Task item: Your answer should repeat exactly the lines from the one holding "7 Reasons a" through the end of the data, and it should contain no pictures.

Data:
++++++++

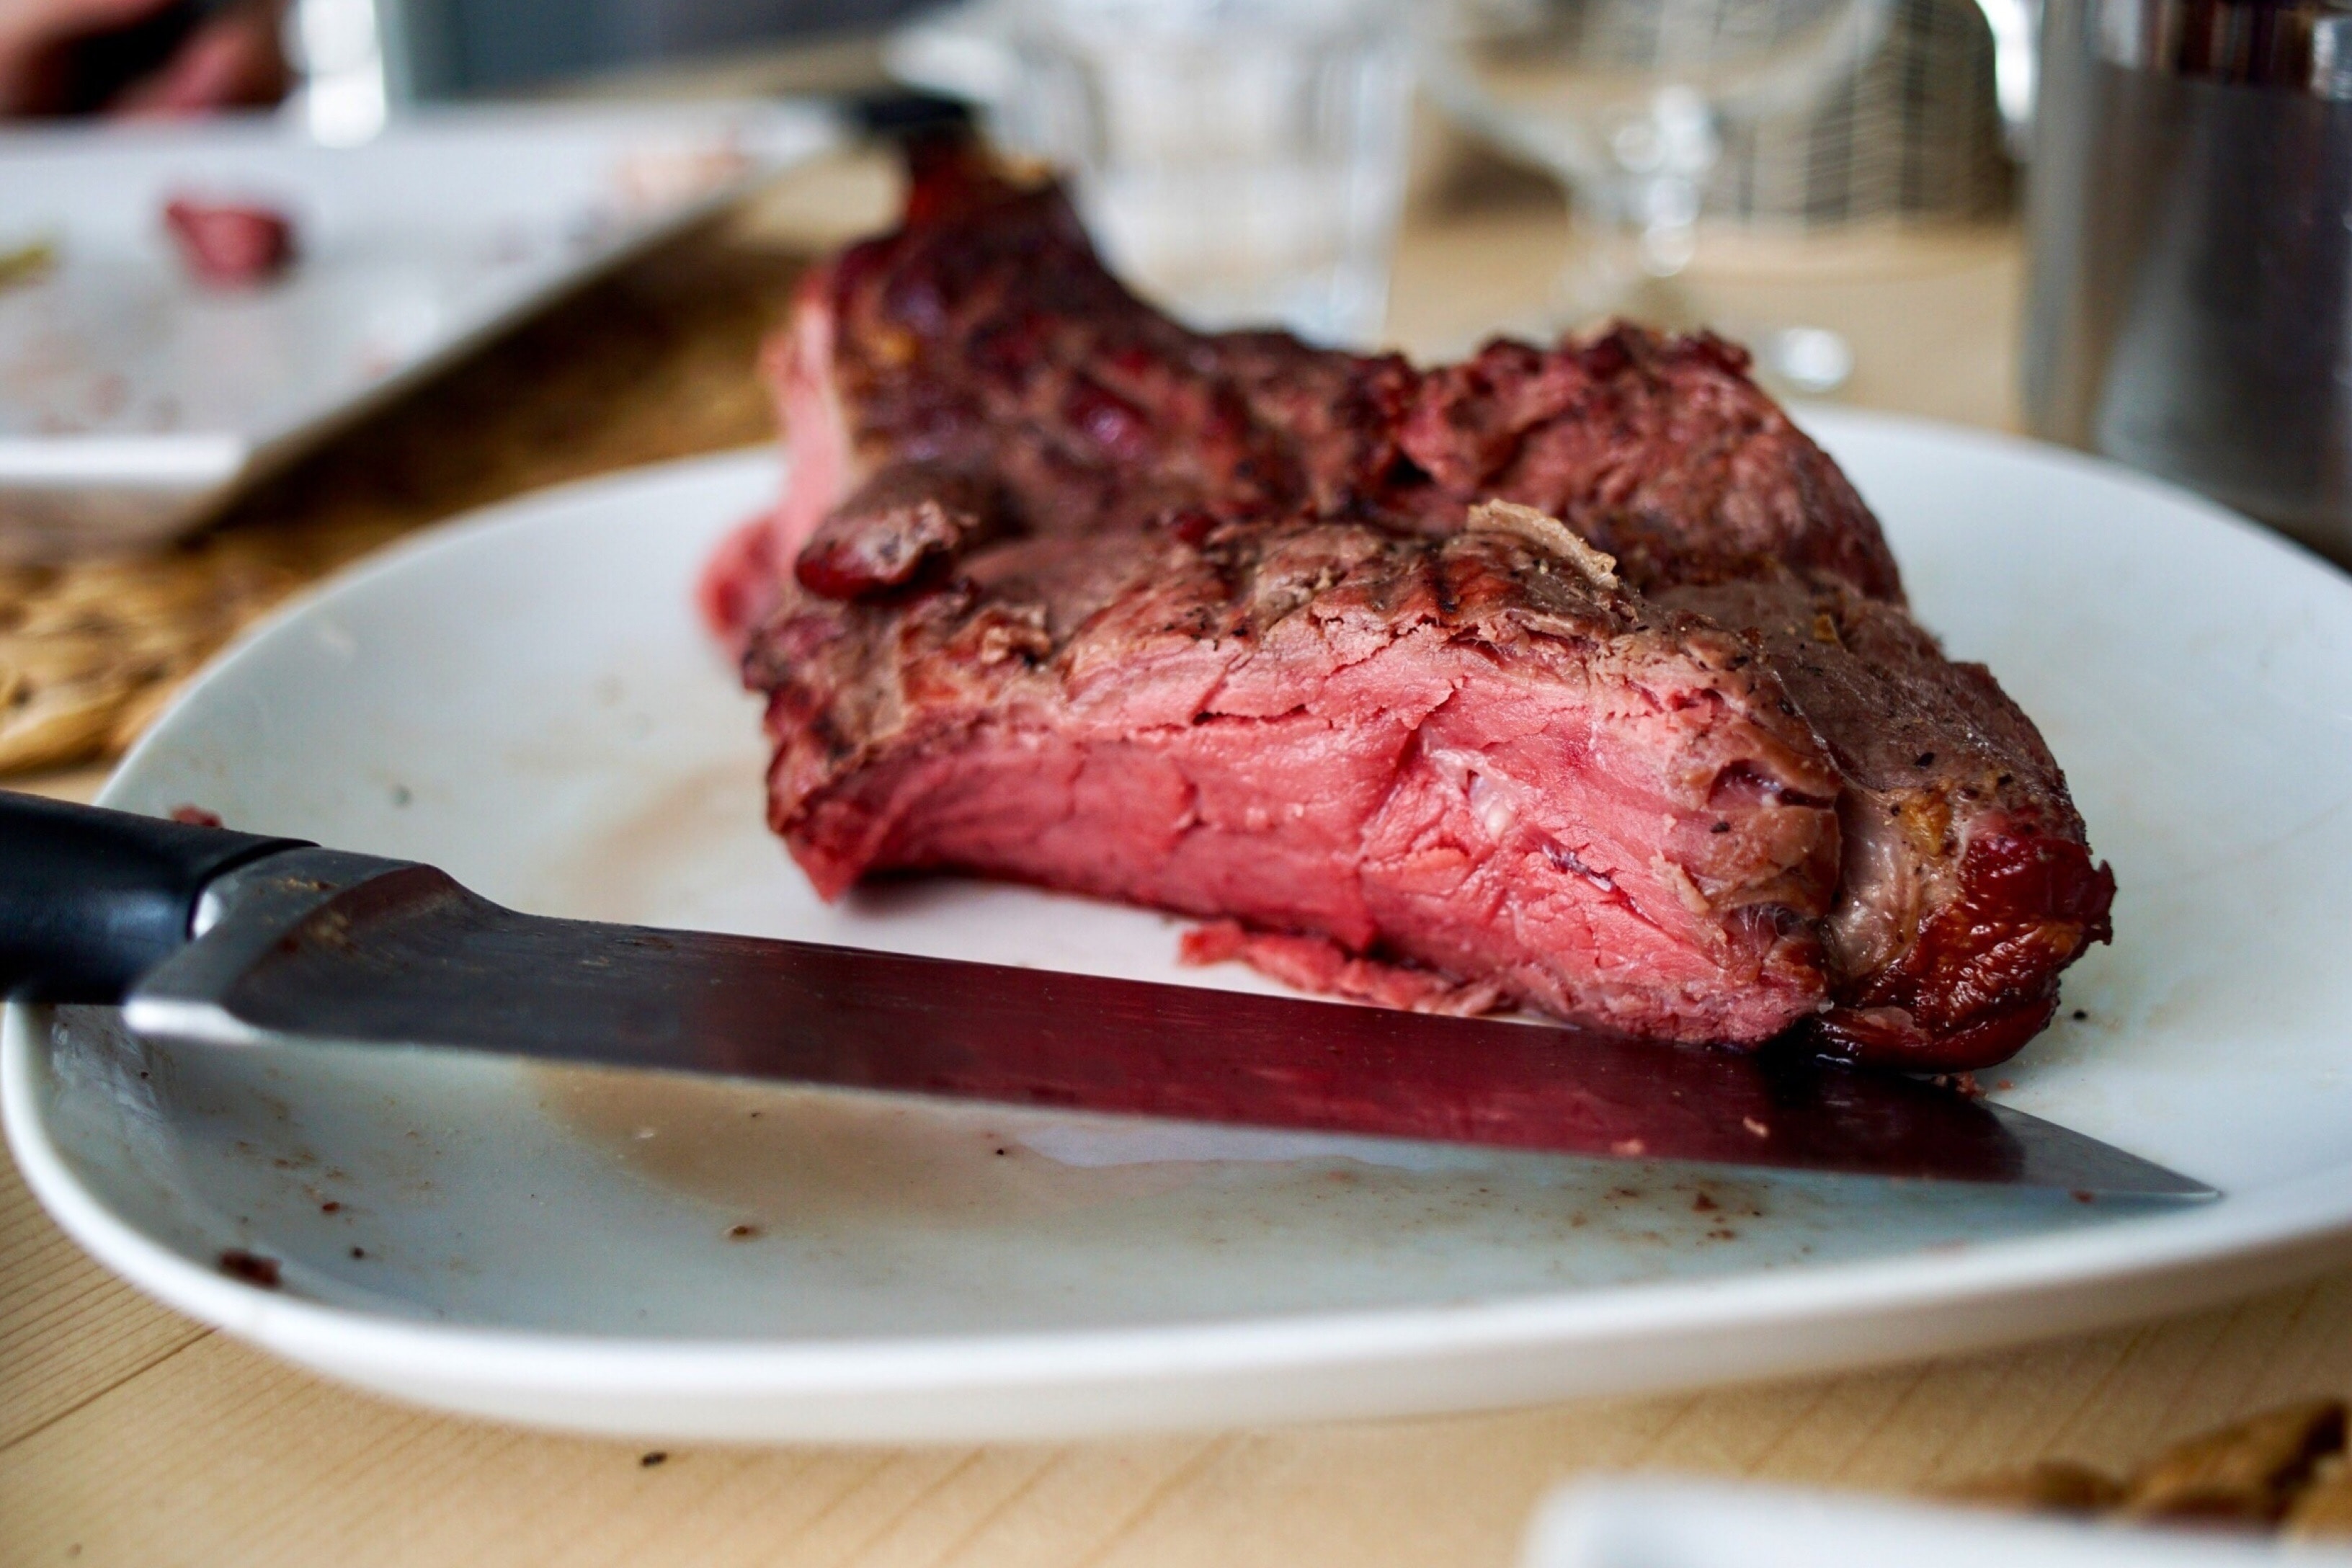 is red meat healthy?
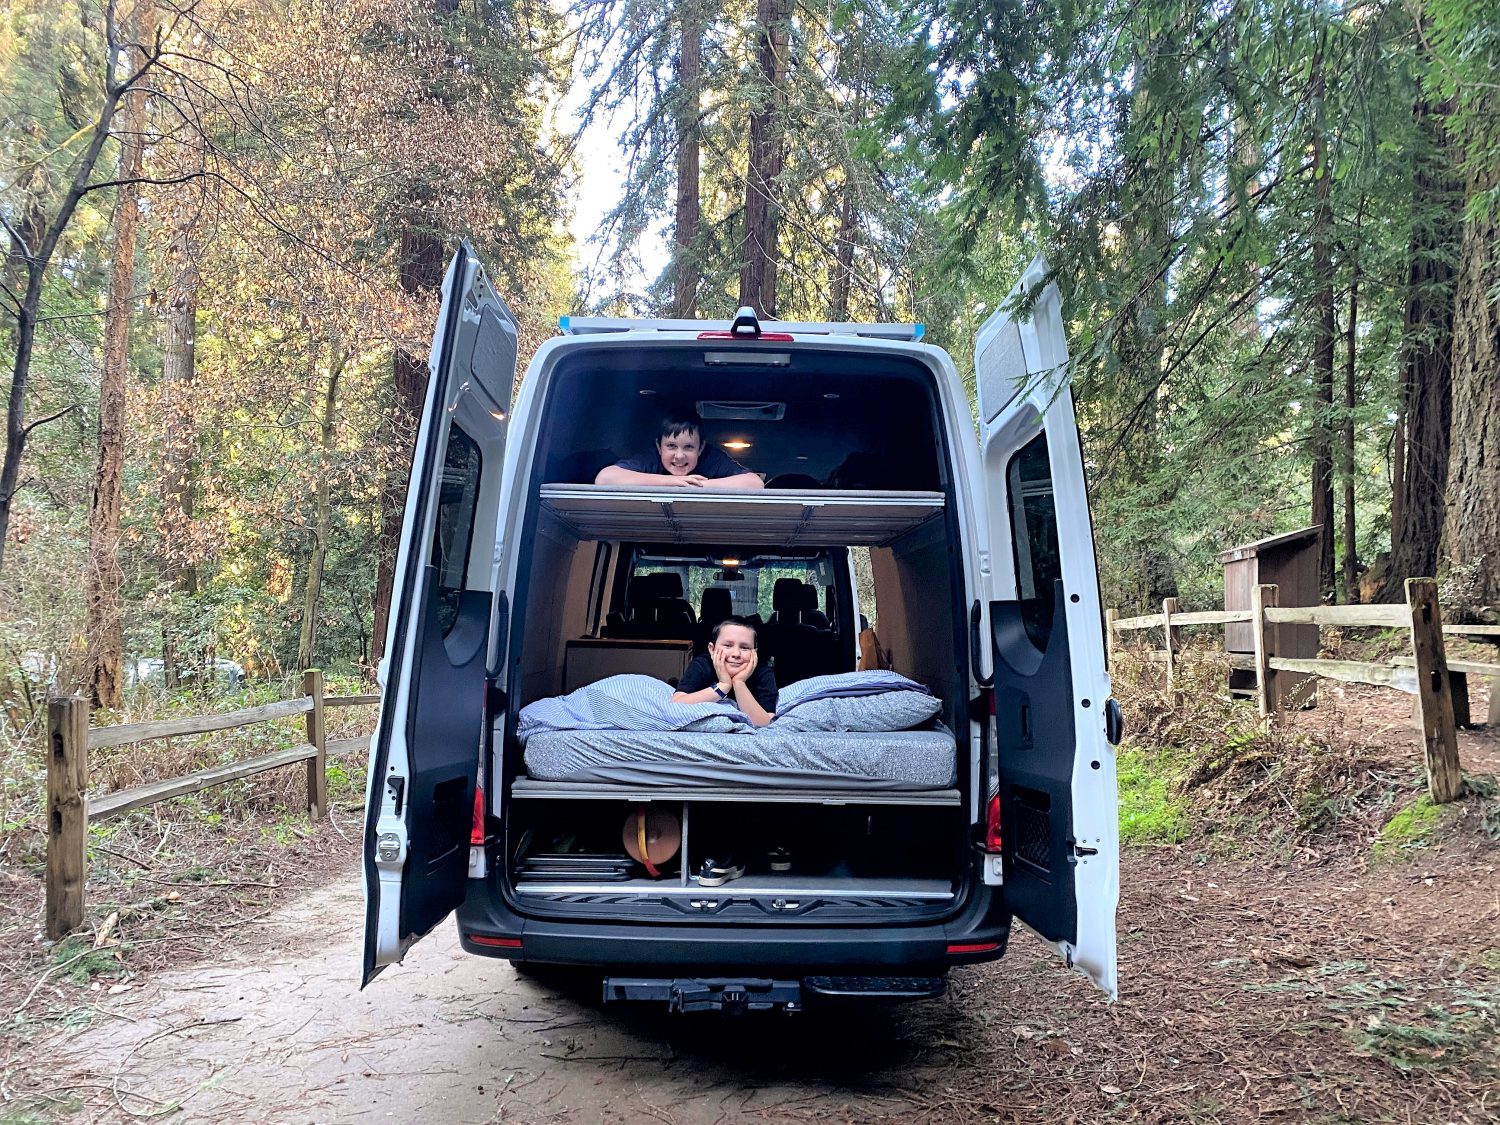 7 Reasons a Camper Van Rental Should Be Your Next Family Adventure
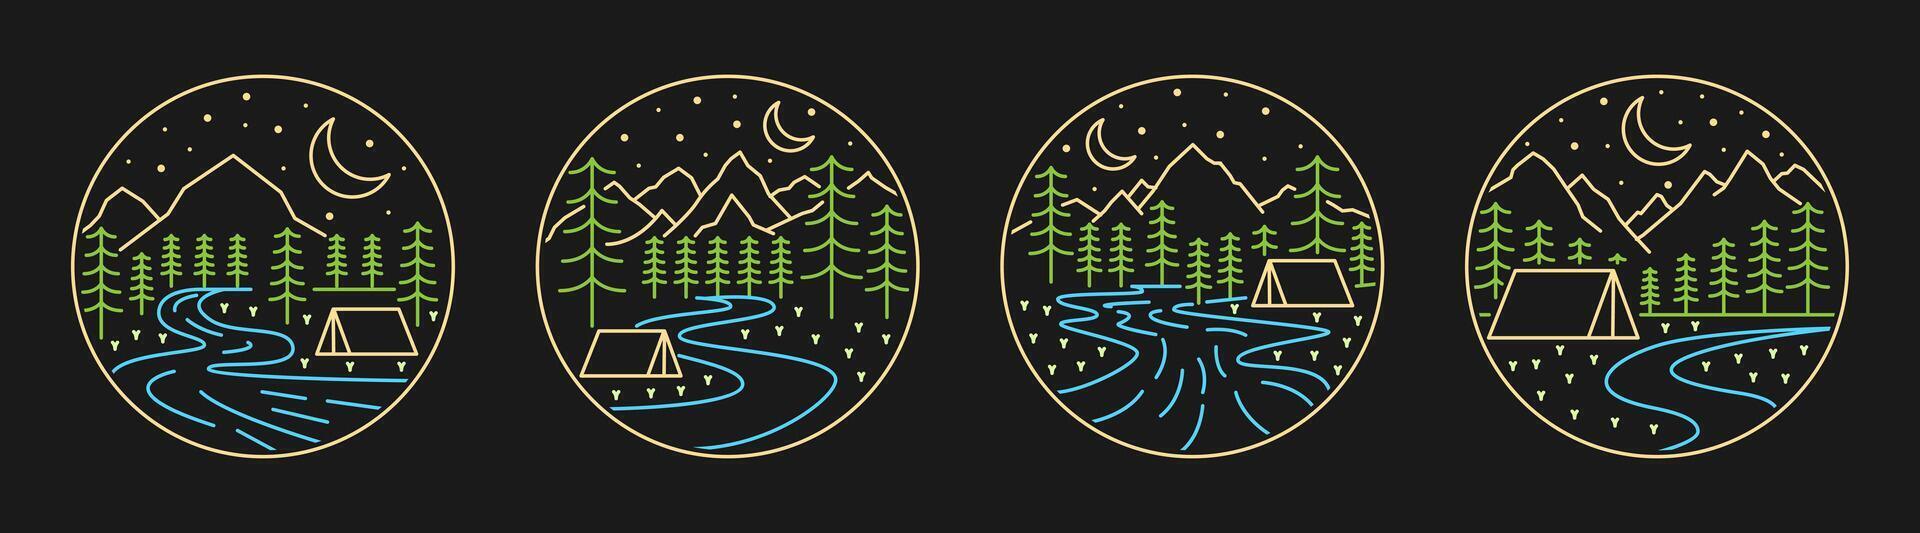 Collection of camping and mountain illustration with monoline or line art style black background, design can be for t-shirts, sticker, printing needs vector
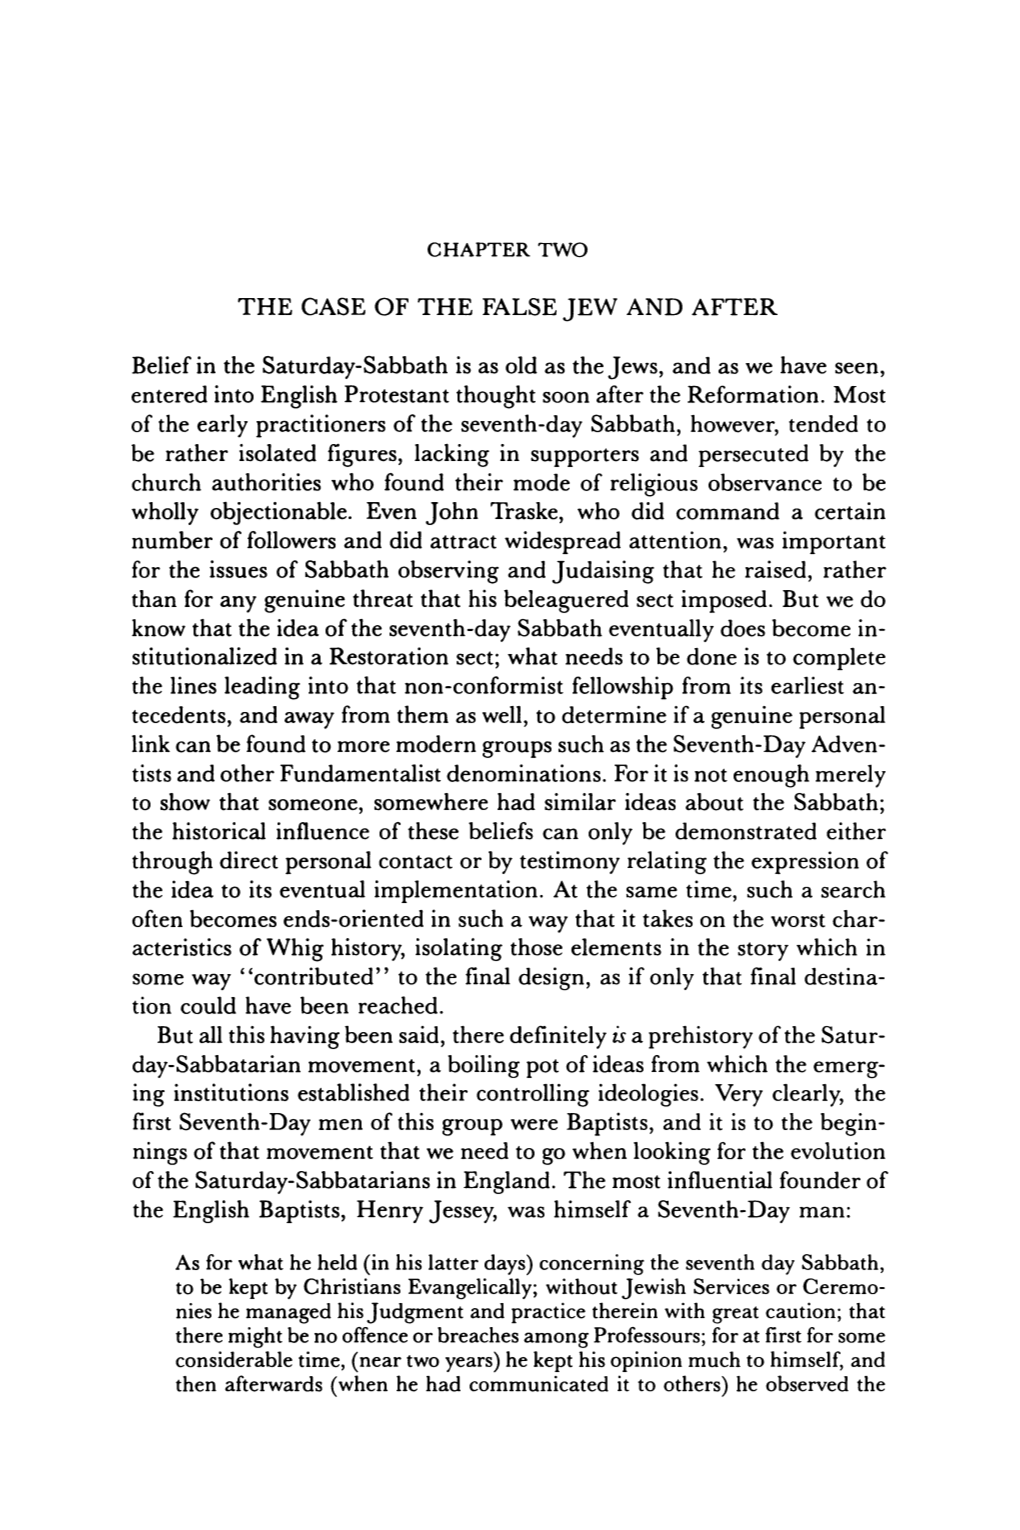 The Case of the False Jew and After

++++++++

Task solution:
 7 Reasons a Camper Van Rental Should Be Your Next Family Adventure
 Collection of camping and mountain illustration with monoline or line art style black background, design can be for t-shirts, sticker, printing needs vector
 The Case of the False Jew and After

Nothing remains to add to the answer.